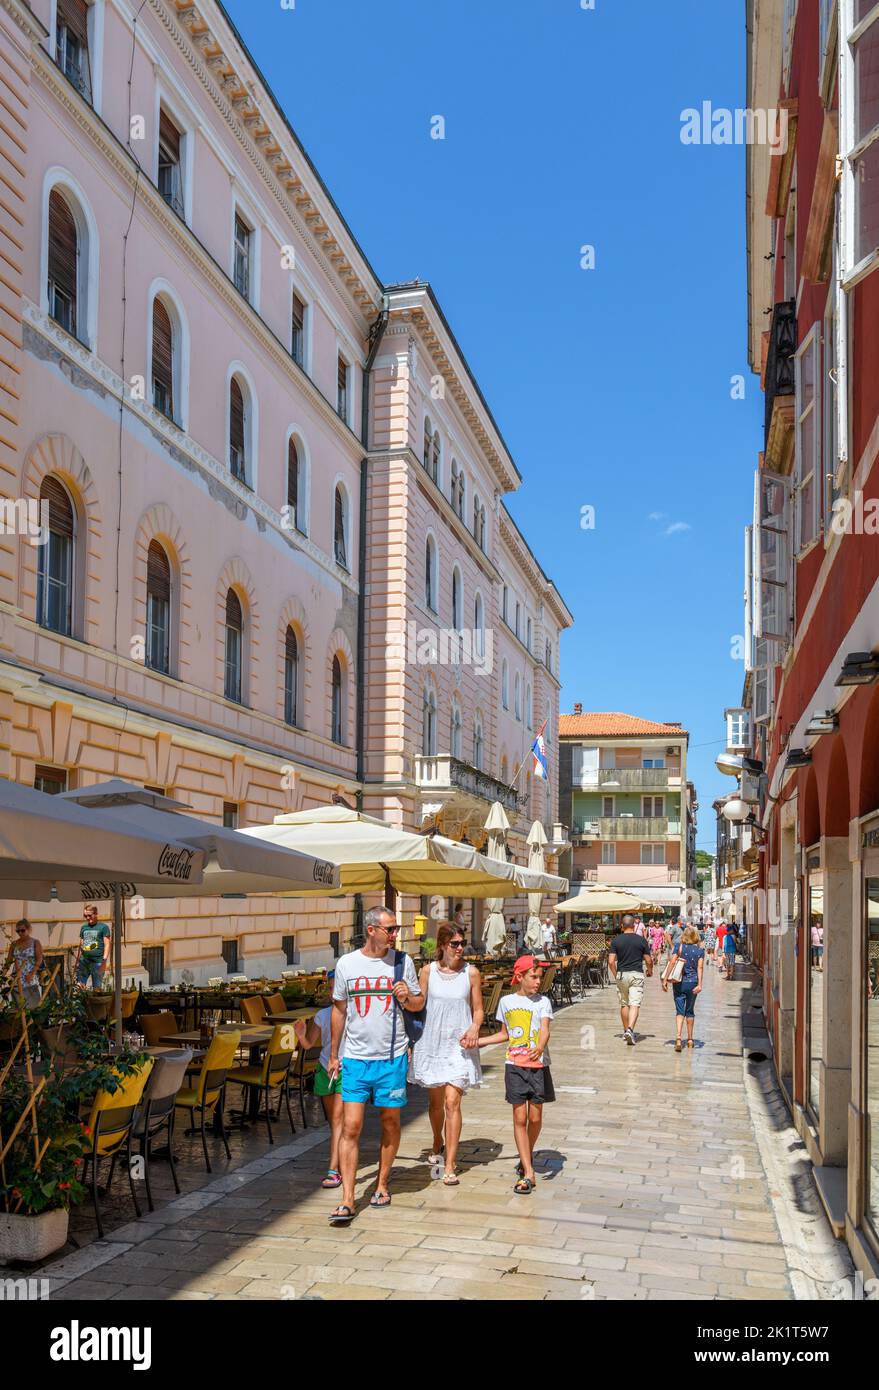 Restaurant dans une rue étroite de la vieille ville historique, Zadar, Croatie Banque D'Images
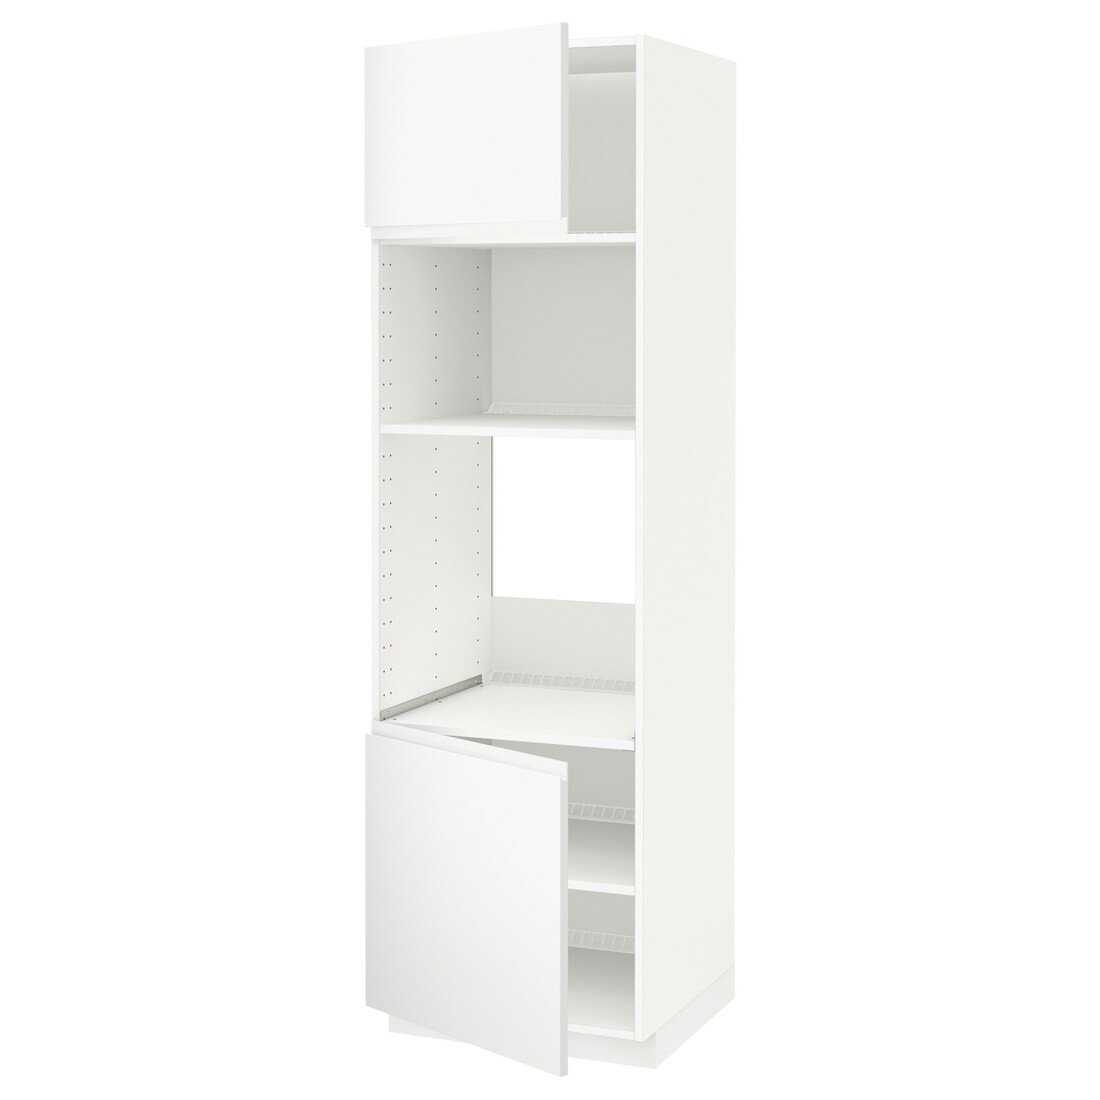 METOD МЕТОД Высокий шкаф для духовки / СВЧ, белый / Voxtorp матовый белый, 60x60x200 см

= = = = =

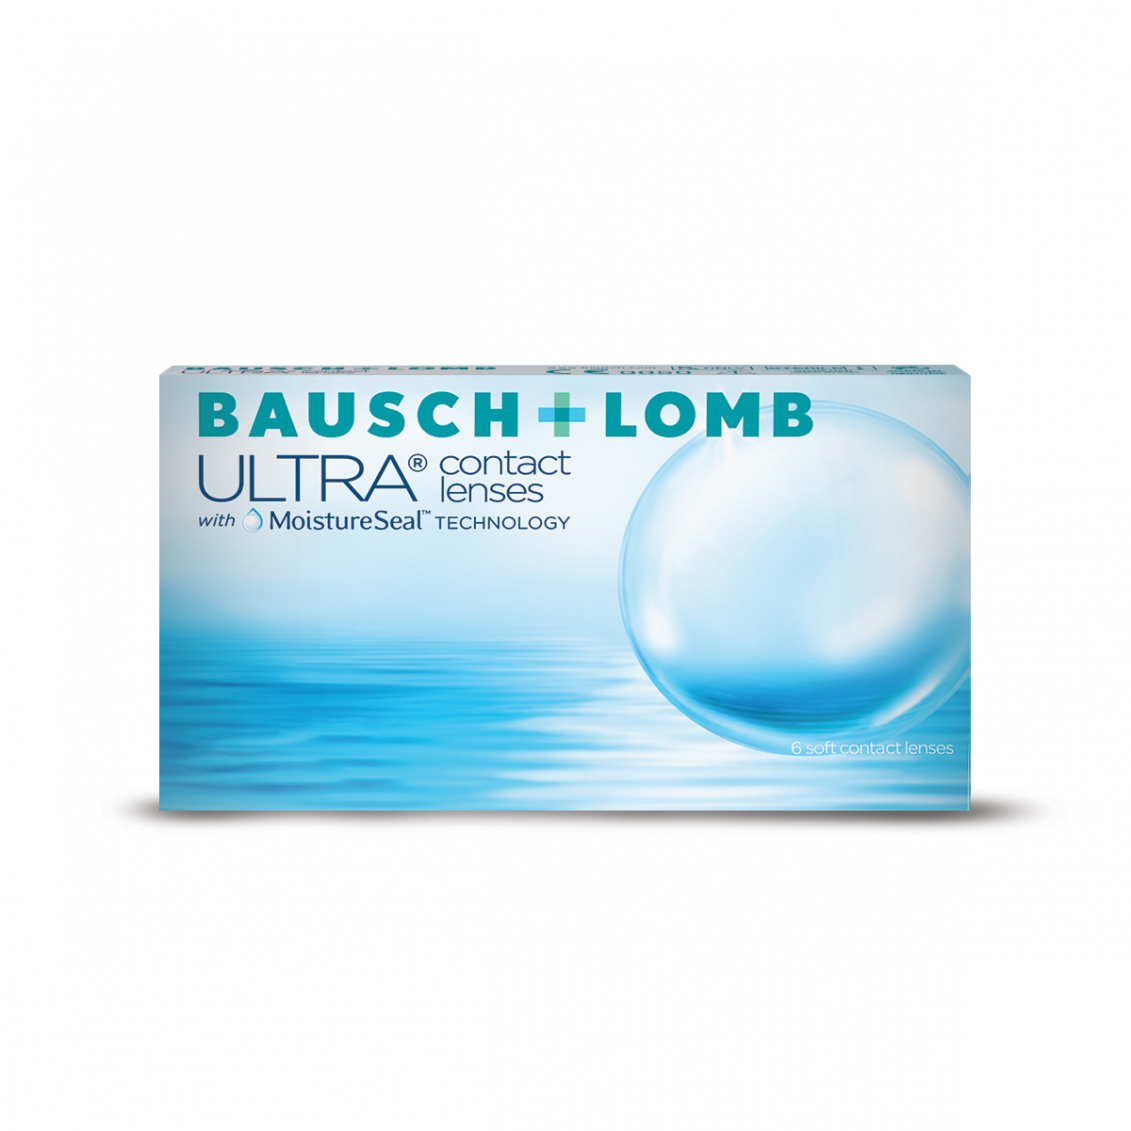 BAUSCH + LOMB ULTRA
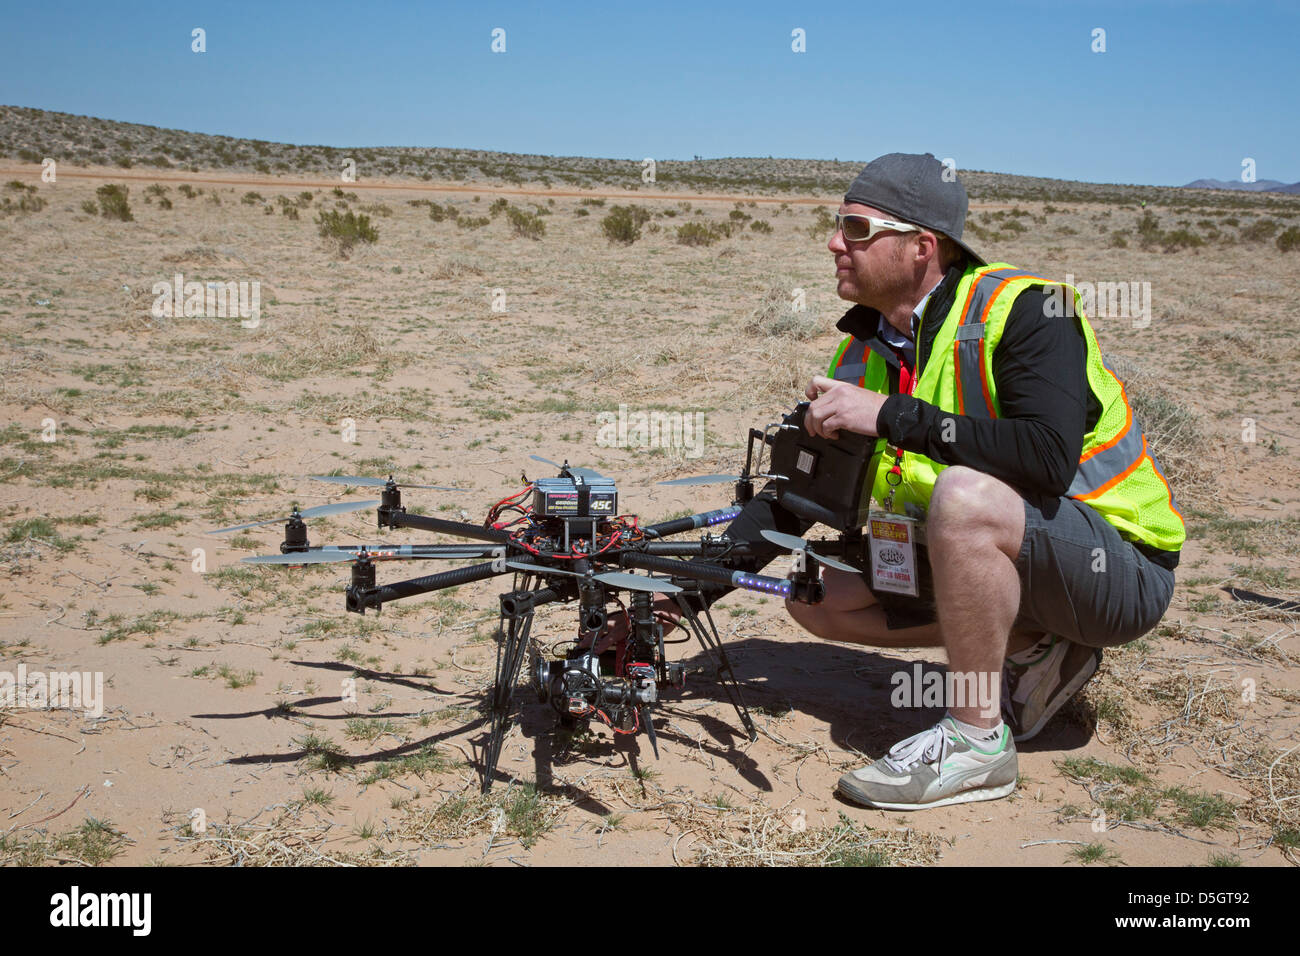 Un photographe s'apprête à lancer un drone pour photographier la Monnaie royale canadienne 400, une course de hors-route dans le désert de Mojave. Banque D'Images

= = = = =

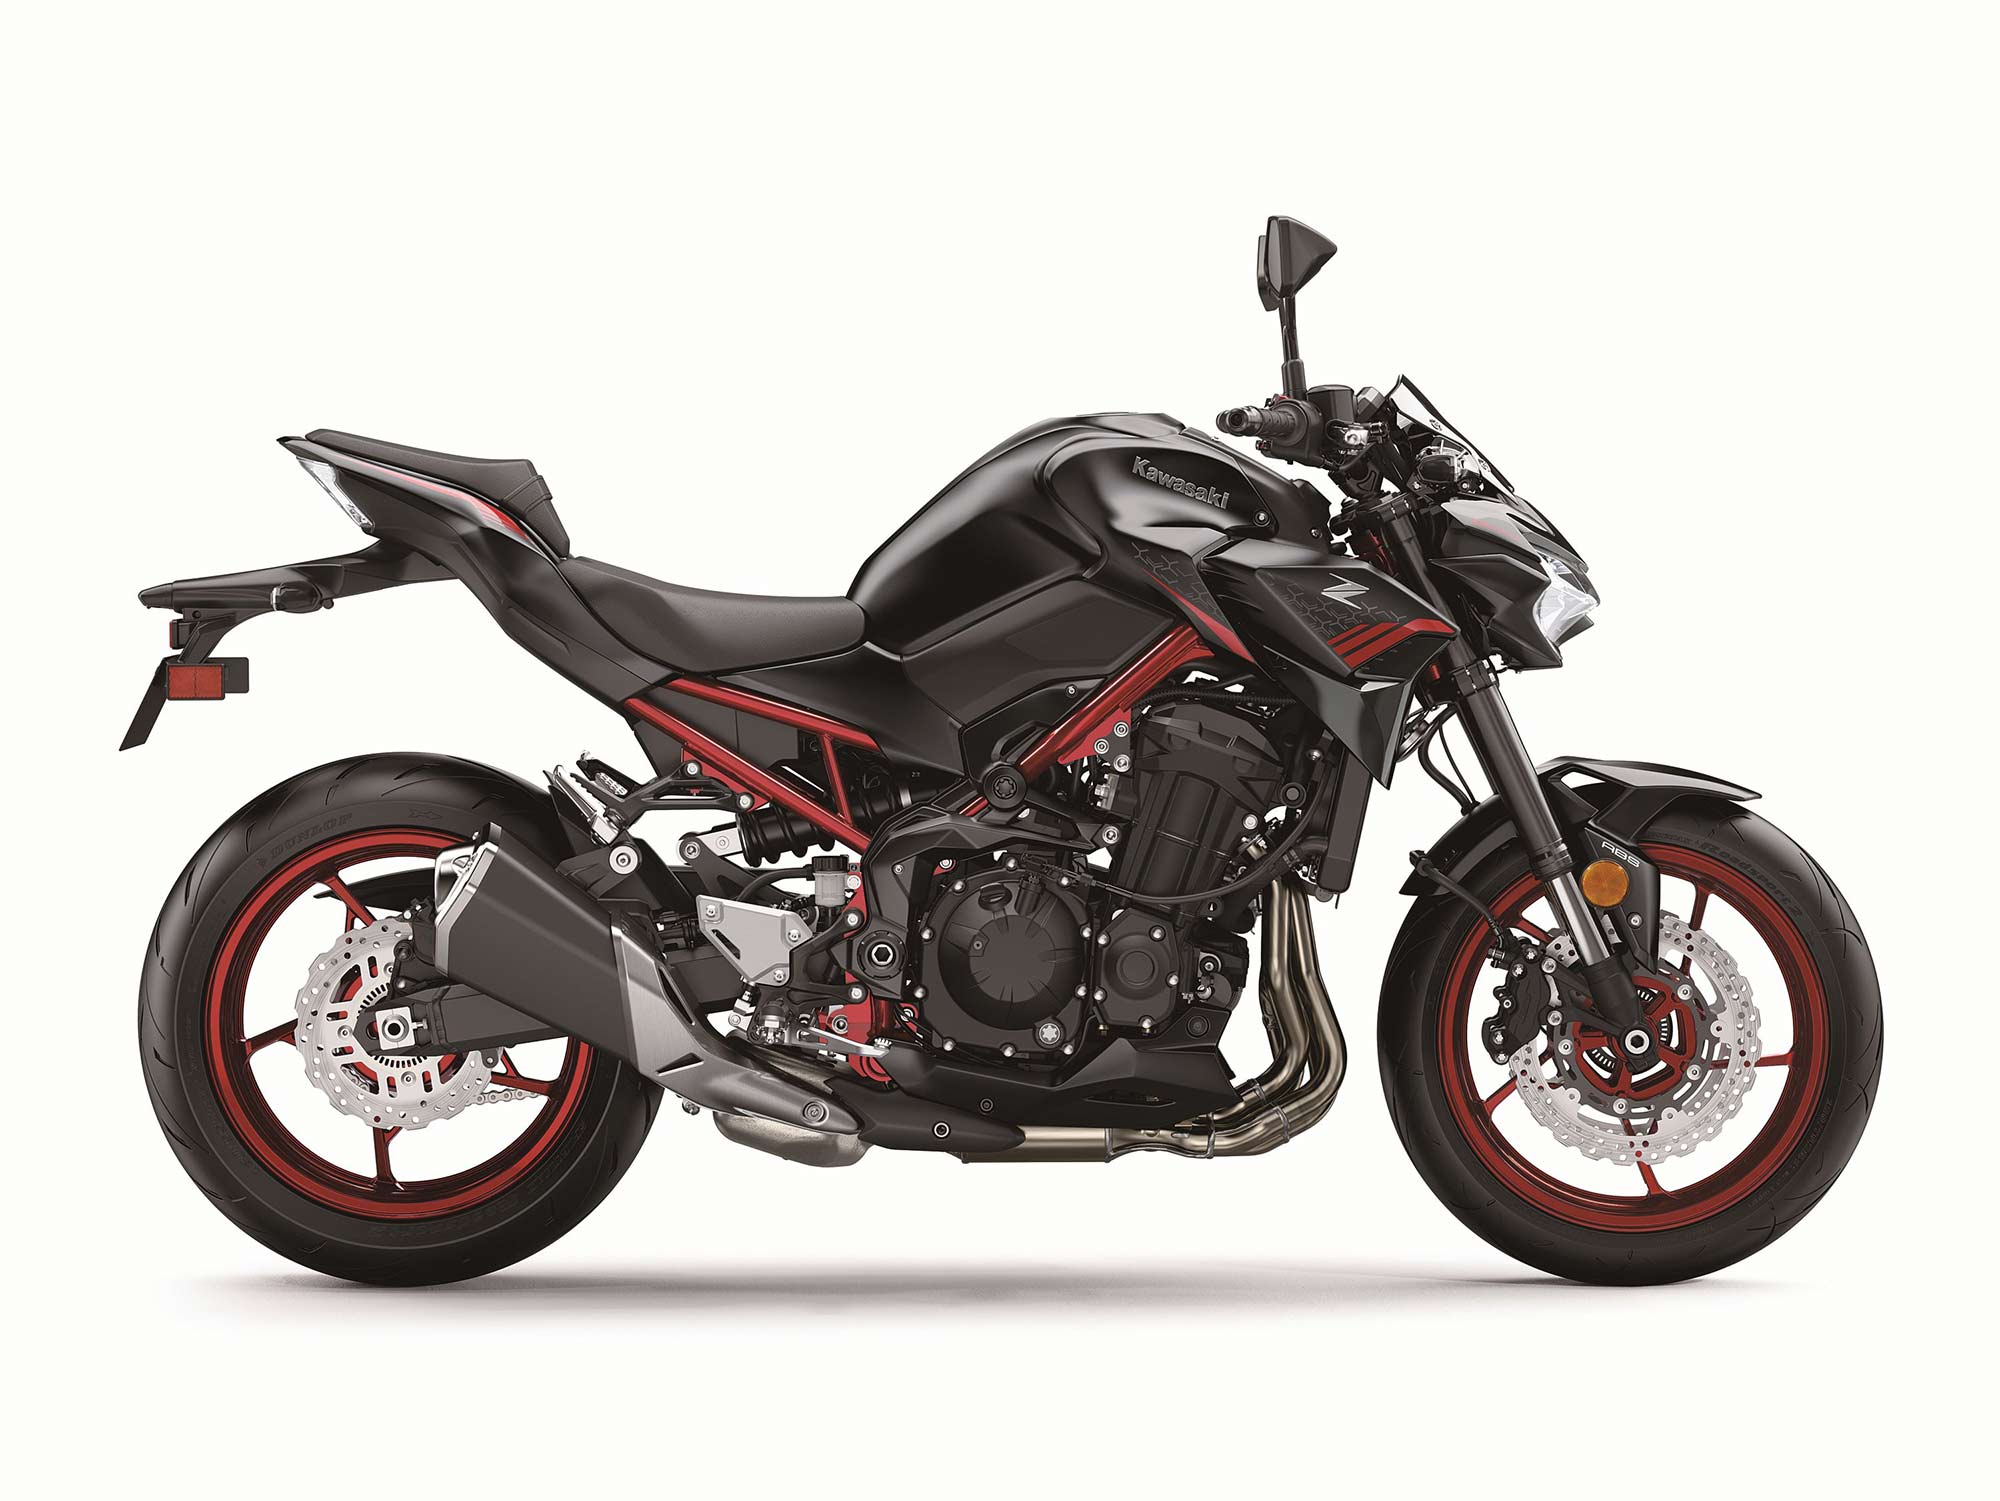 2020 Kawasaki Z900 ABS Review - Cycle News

= = = = =

• _What you have to do_:
Using the data above, print only the lines starting at the one with "Restaurant dans une" and ending at the one with "METOD МЕТОД Высокий", exactly as they stand, minus the pictures.

• _Exercise output_:
 Restaurant dans une rue étroite de la vieille ville historique, Zadar, Croatie Banque D'Images
 METOD МЕТОД Высокий шкаф для духовки / СВЧ, белый / Voxtorp матовый белый, 60x60x200 см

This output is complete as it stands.